Images don't belong in the copy. Output the rest of the data exactly.

Data block:

[Start of Attachment]

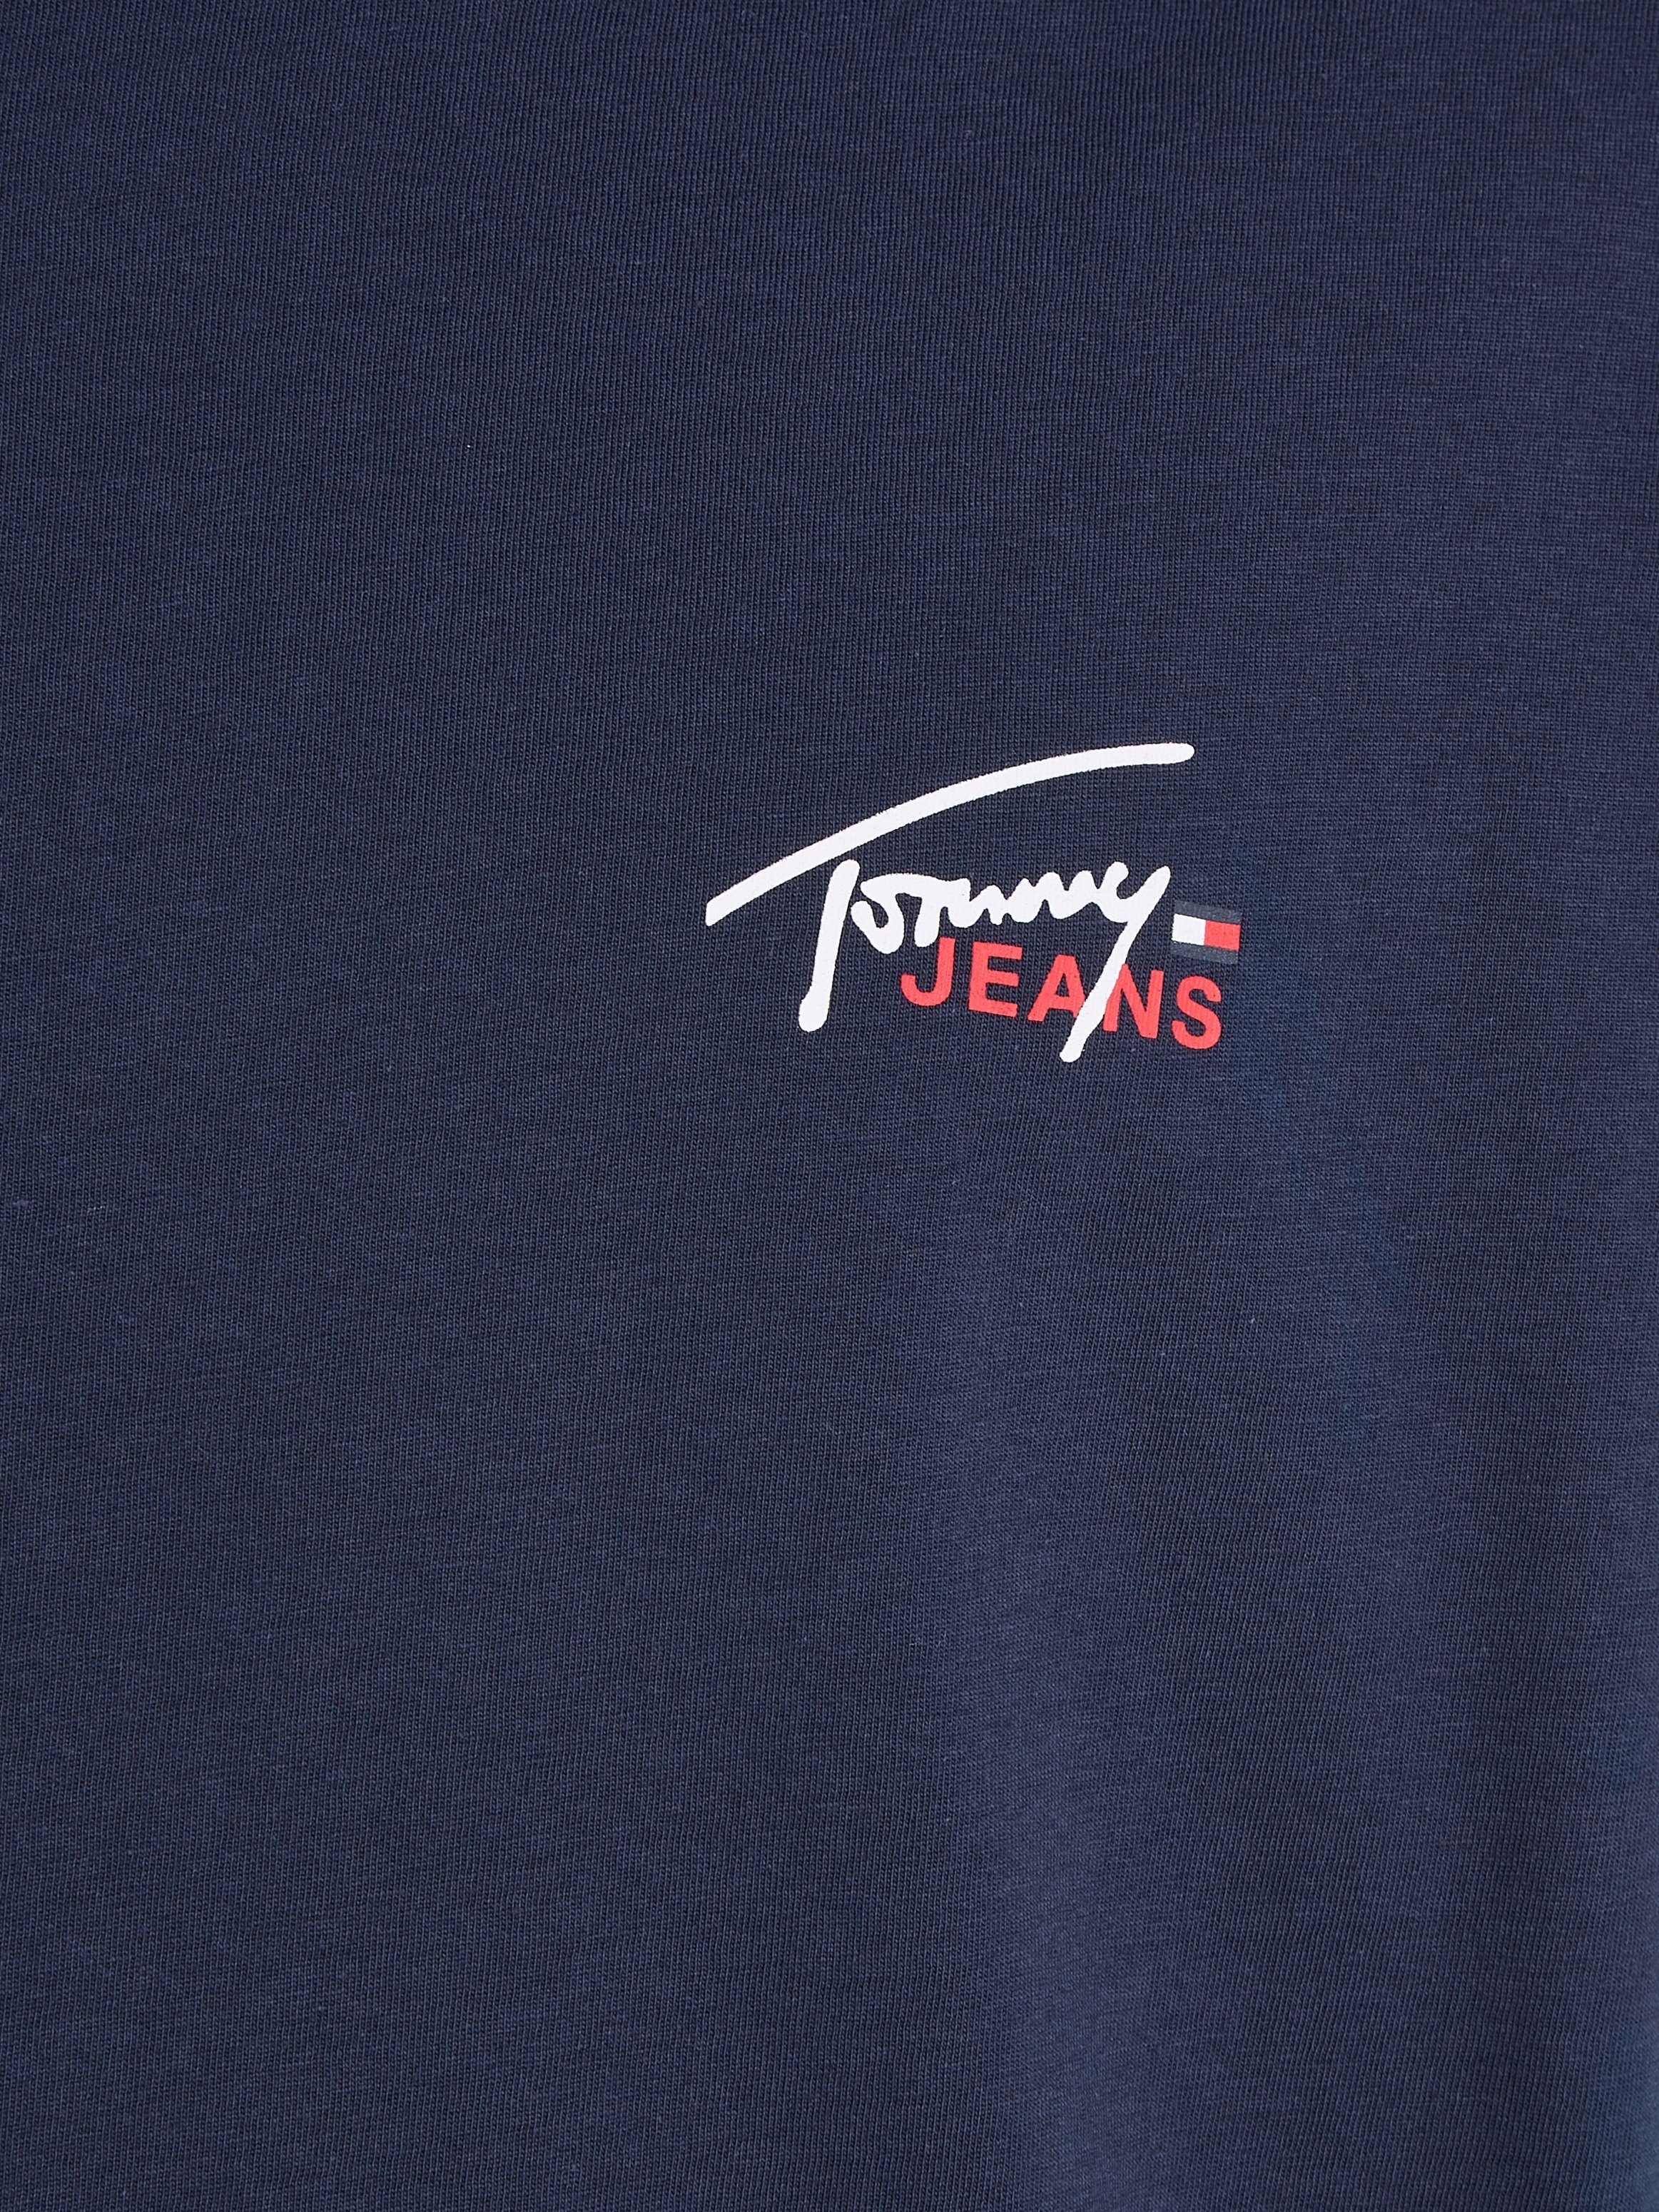 FLAG Twilight Jeans SMALL Tommy TEE TJM CLSC Navy T-Shirt
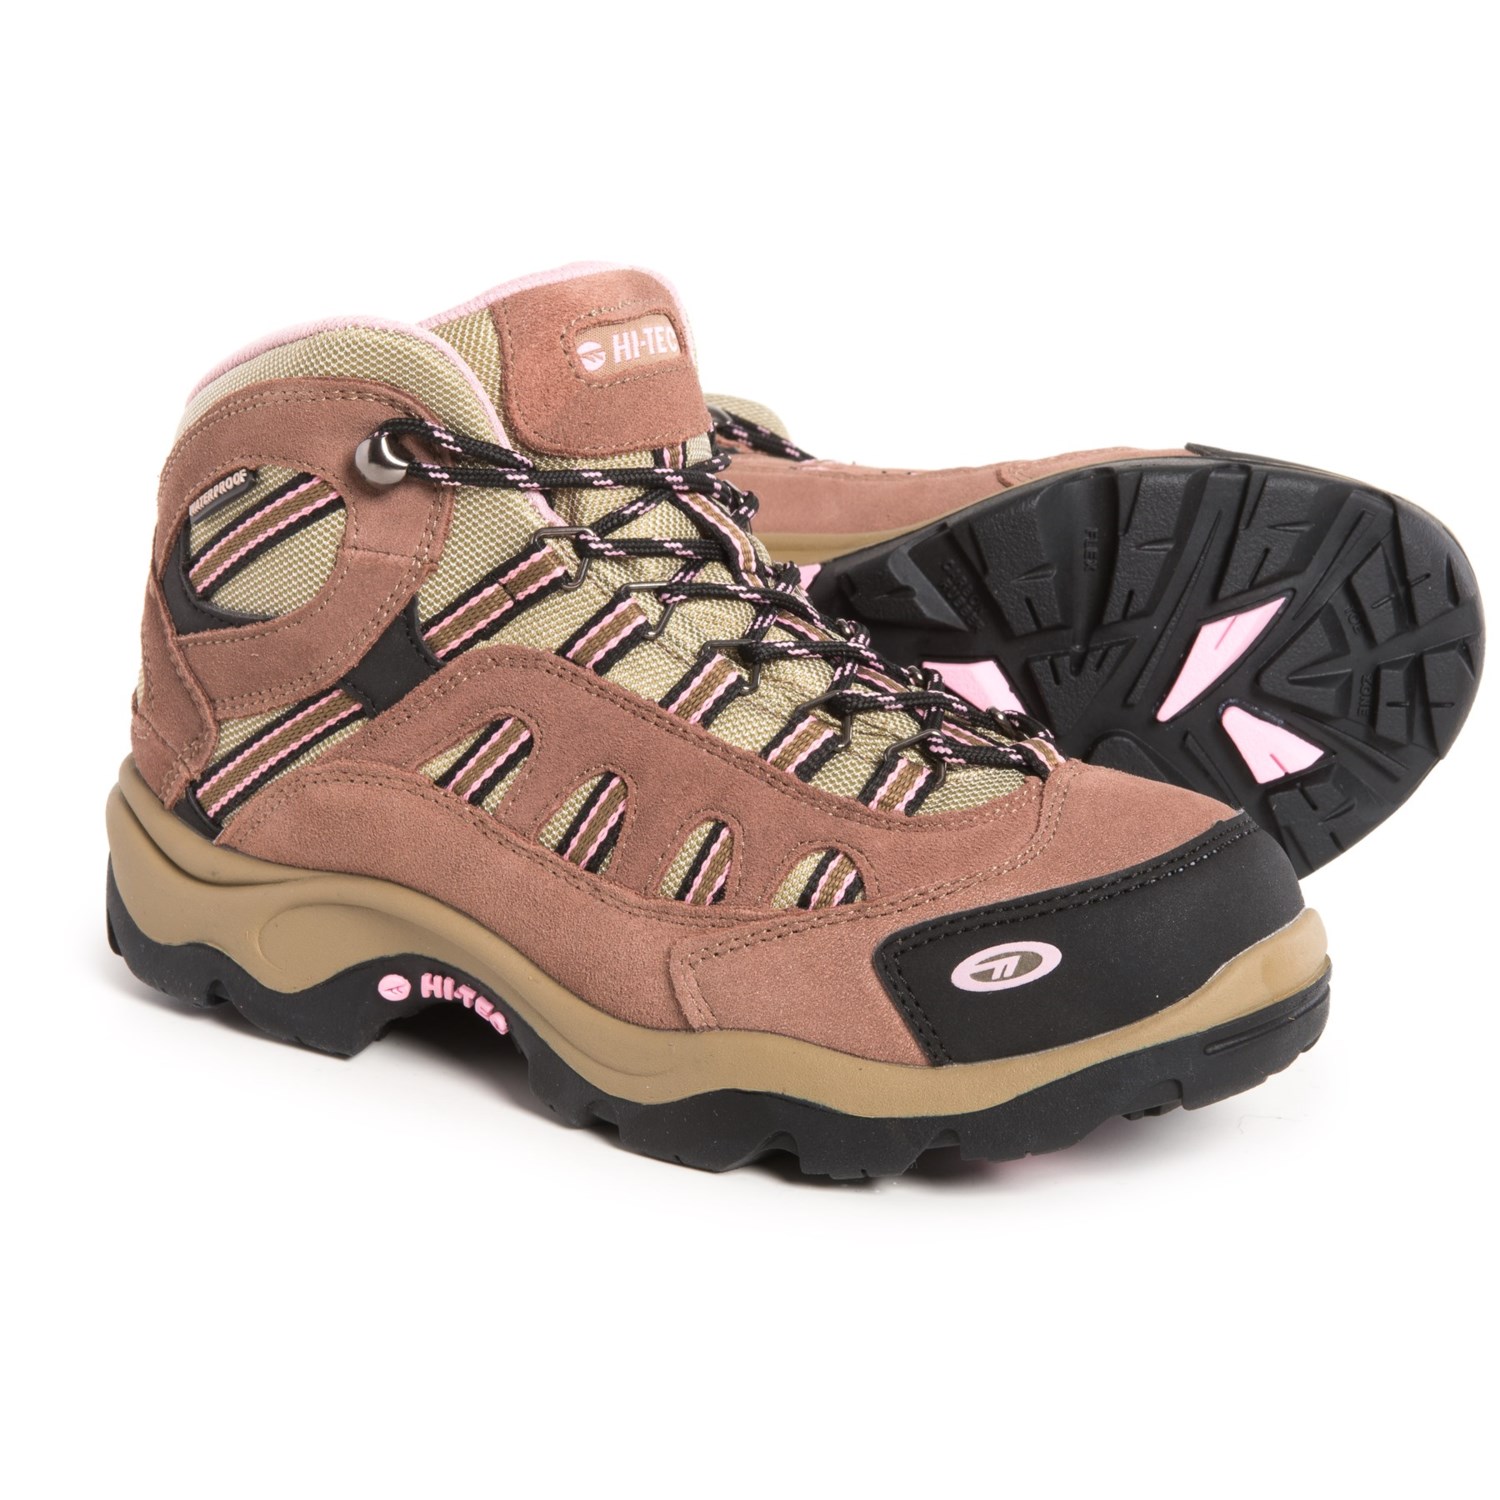 Hi-Tec Bandera Mid Hiking Boots – Waterproof (For Women)
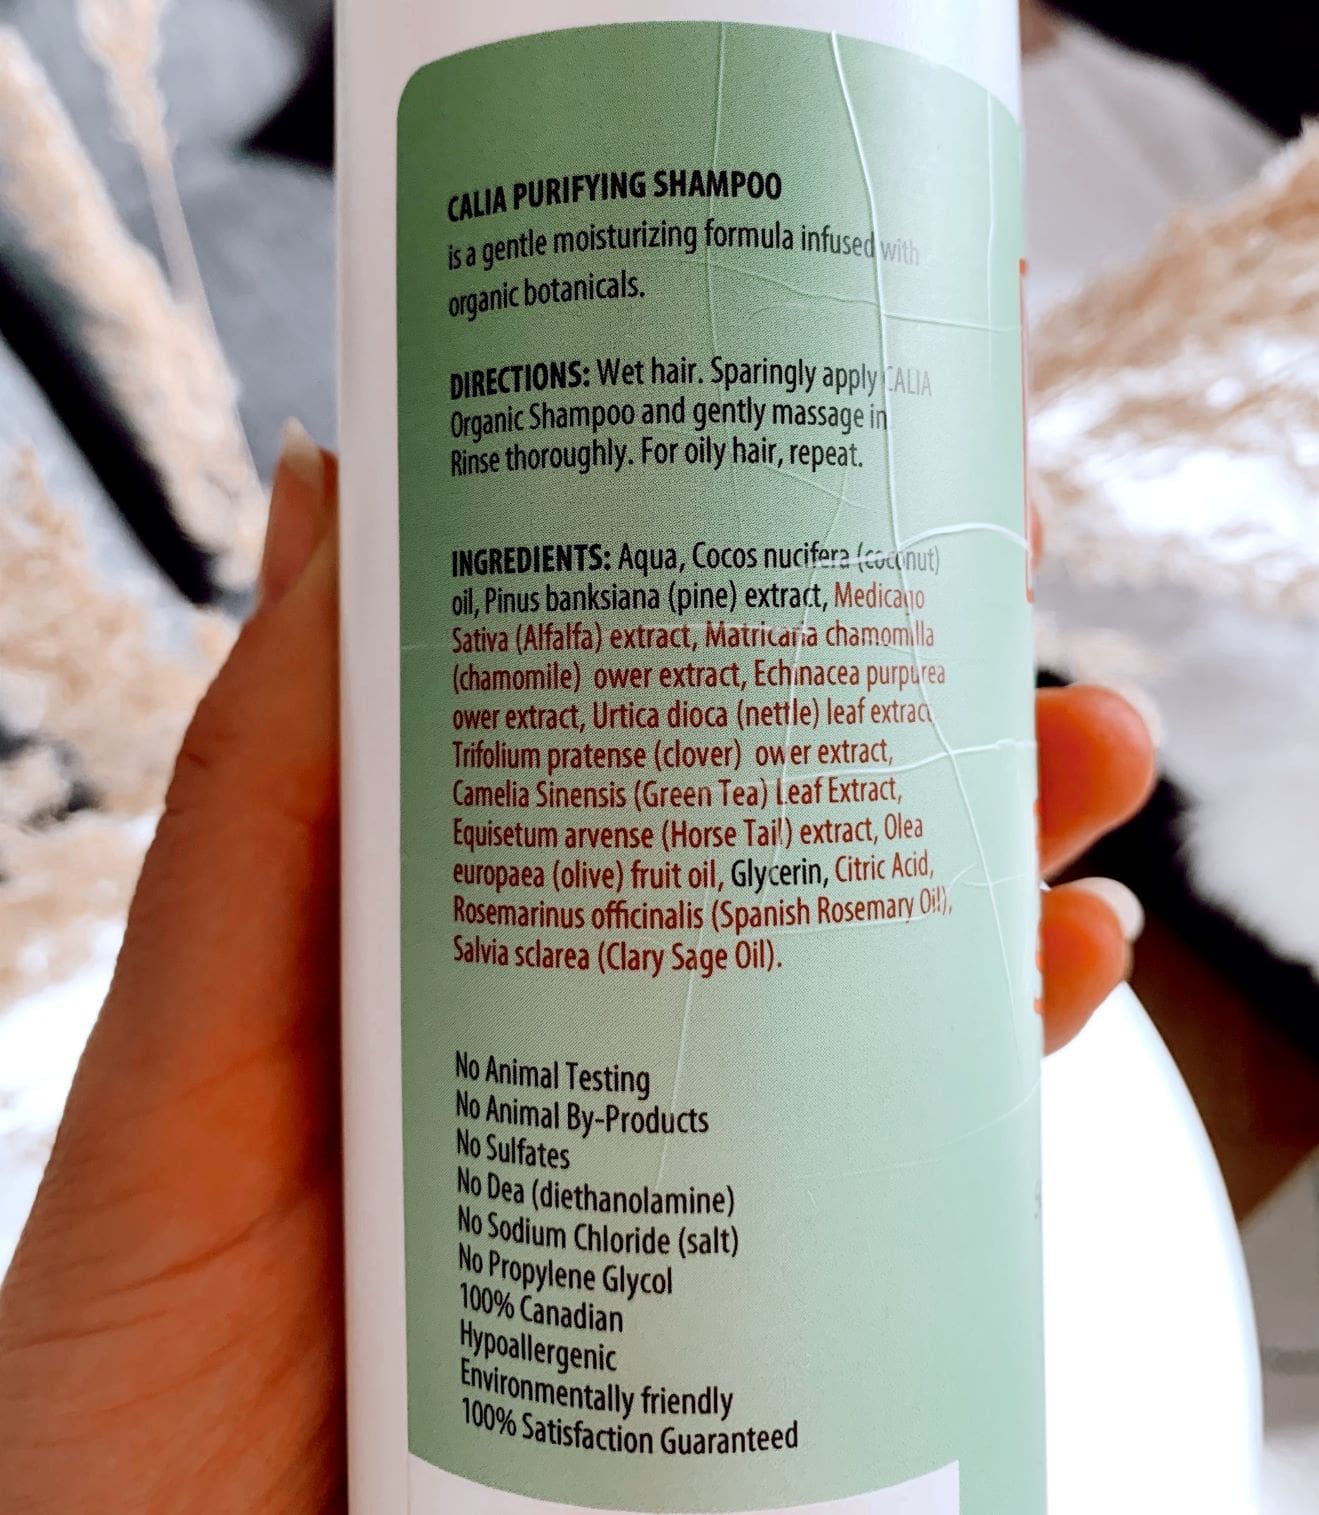 Ingredient list of Calia purifying shampoo

[End of Attachment]

Response to the exercise:
 FLAG Twilight Jeans SMALL Tommy TEE TJM CLSC Navy T-Shirt
 Hi-Tec Bandera Mid Hiking Boots – Waterproof (For Women)
 Ingredient list of Calia purifying shampoo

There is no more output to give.